Covering the years 1990–1996, a former one Finnish study showed that only one patient in Finland with PDAC survived clearly longer than 5 years (8). A high number of misdiagnoses among long-term survivors were falsely listed in the tumor registry. Our current data are the results of the era of centralization of pancreatic surgery. Moreover, pathology has been centralized, and with the increase in cases an increase in experience in that field was gained. High-volume centers can achieve high diagnostic experience meaning that only limited outside reference evaluation is necessary. This was supported by two independent pathologists confirming the diagnosis of PDAC between 2000–2006 (S.N. and J.L.). In addition, the classification of pancreatic tumors (World Health Organization (WHO)) has been standardized and is in general use as well due to the increasing numbers of pancreatic-resection specimens.

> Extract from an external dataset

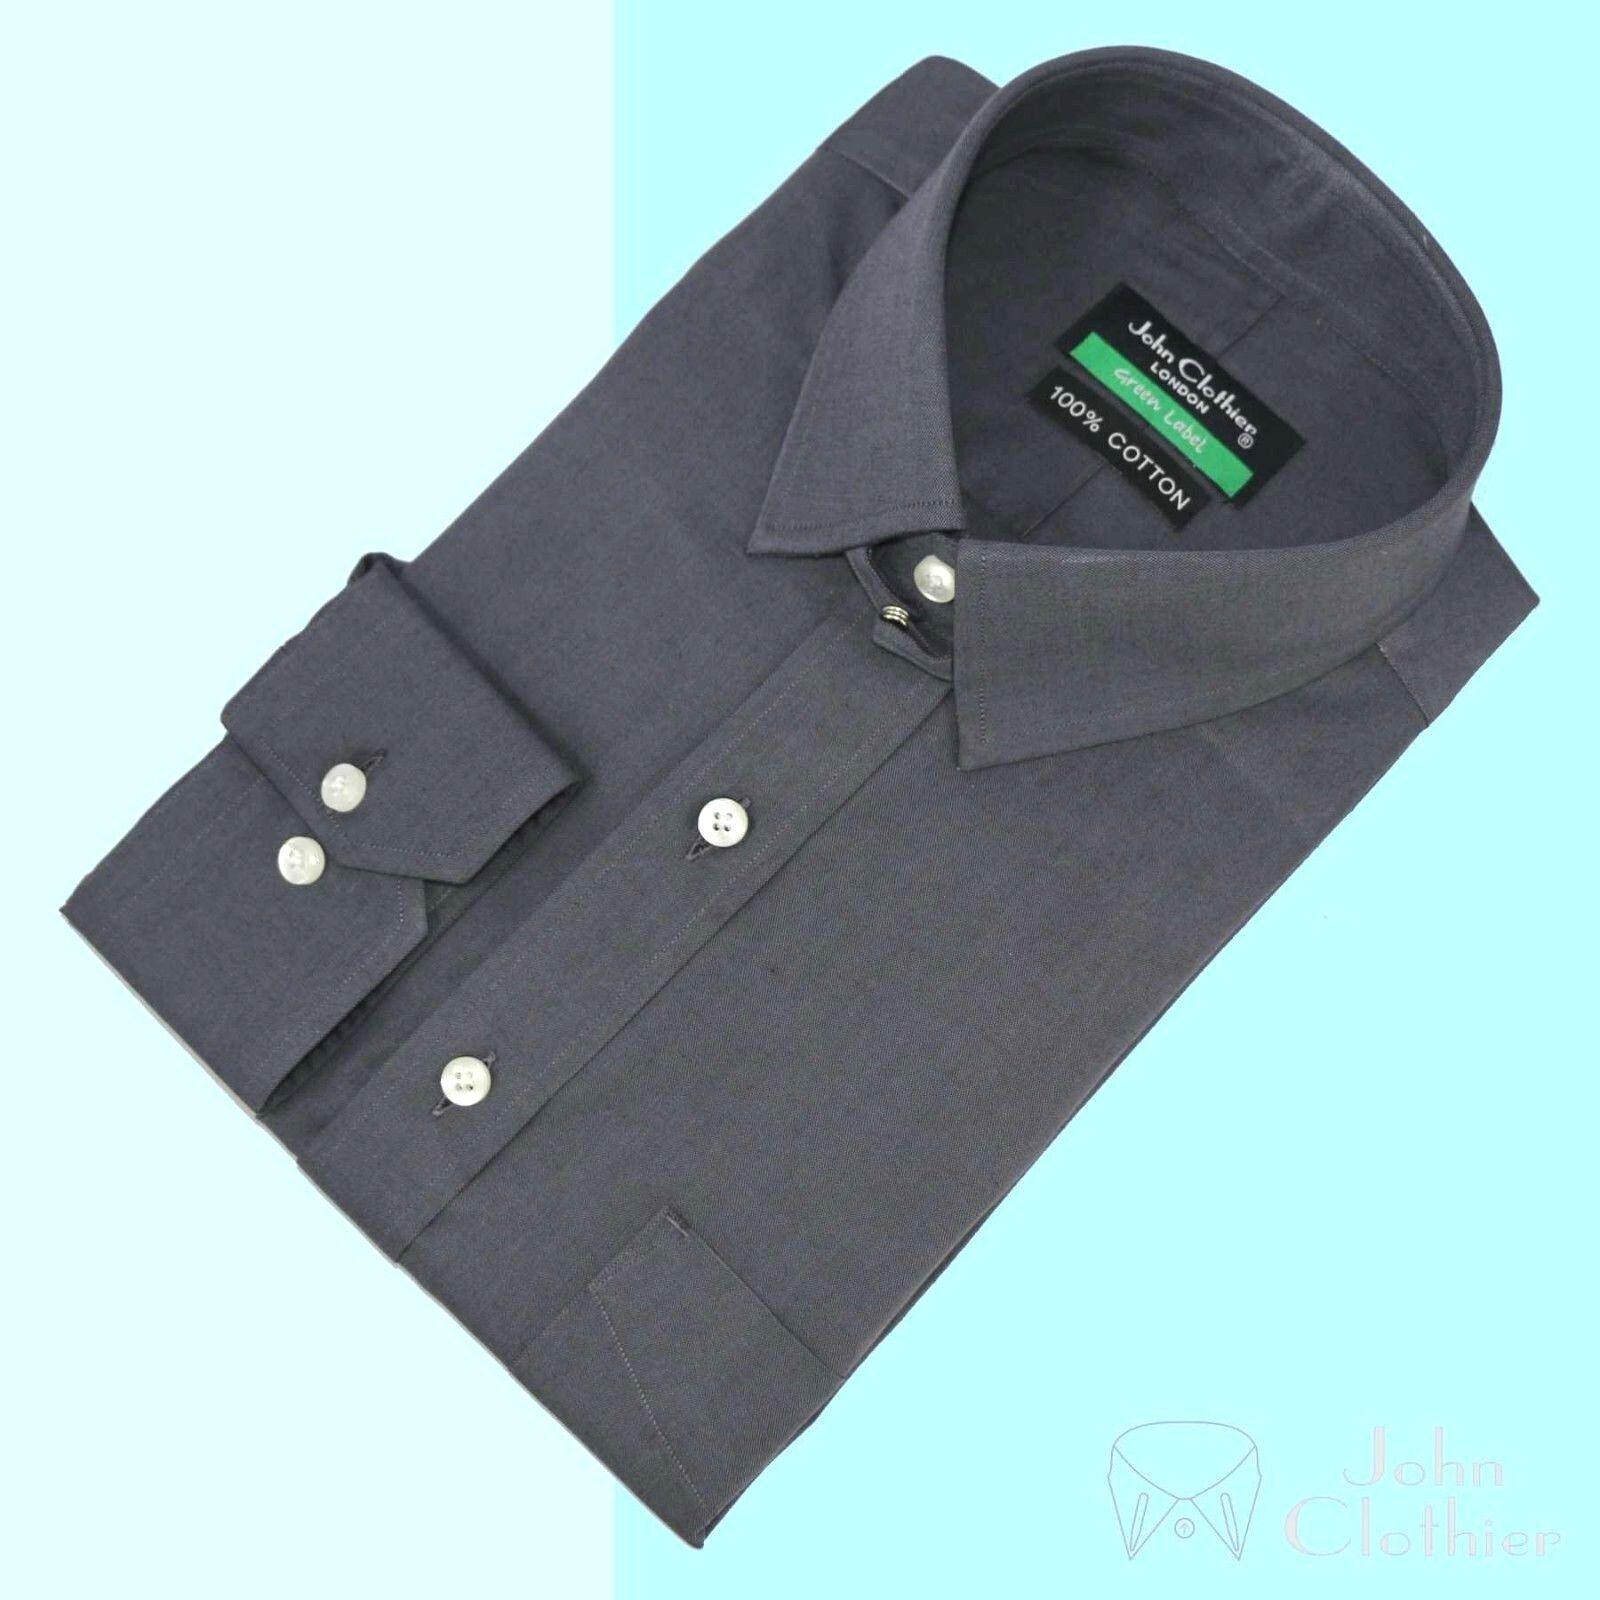 Herren Tab Kragen Hemd Graues Shirt Bankier- Schlaufe James Bond für 100% Cotton

In the Carpelan-Holmström study (8) no patients (data from 1990–1996) received oncological adjuvant treatment, although now it has become routine after pancreatic cancer surgery. In the 21st century, prospective randomized European Study Group for Pancreatic Cancer (ESPAC) 1-3 and Charité Onkologie 001 (CONCO-001) trials have shown that patients receiving adjuvant chemotherapy survive significantly longer (30, 31). Our retrospective series showed a similar result in favor of adjuvant therapy. Neoadjuvant therapy has in some series improved surgical results, raising the number of R0 resections. Further randomized controlled studies are necessary (32, 33).
Conclusion
Pancreatic surgery is safe in high-volume centers. Our center’s low hospital mortality for pancreaticoduodenectomy (2.1%) is similar to that reported from other high volume centers. Our long-term survival for PDAC is now one of the highest reported. Early detection and multidisciplinary treatment of PDAC is essential for better survival. During the era of centralization of pancreatic (cancer) surgery, more patients have lived markedly longer than did those operated on in the early 1990s.
Footnotes
Acknowledgements
Mary and Georg C. Ehrnrooth Foundation, the Sigrid Juselius Foundation, and Helsinki University Hospital Research Funds are acknowledged for supporting this study. None of the foundations have been involved in the study design.
Declaration of Conflicting Interests
The author(s) declared no potential conflicts of interest with respect to the research, authorship, and/or publication of this article.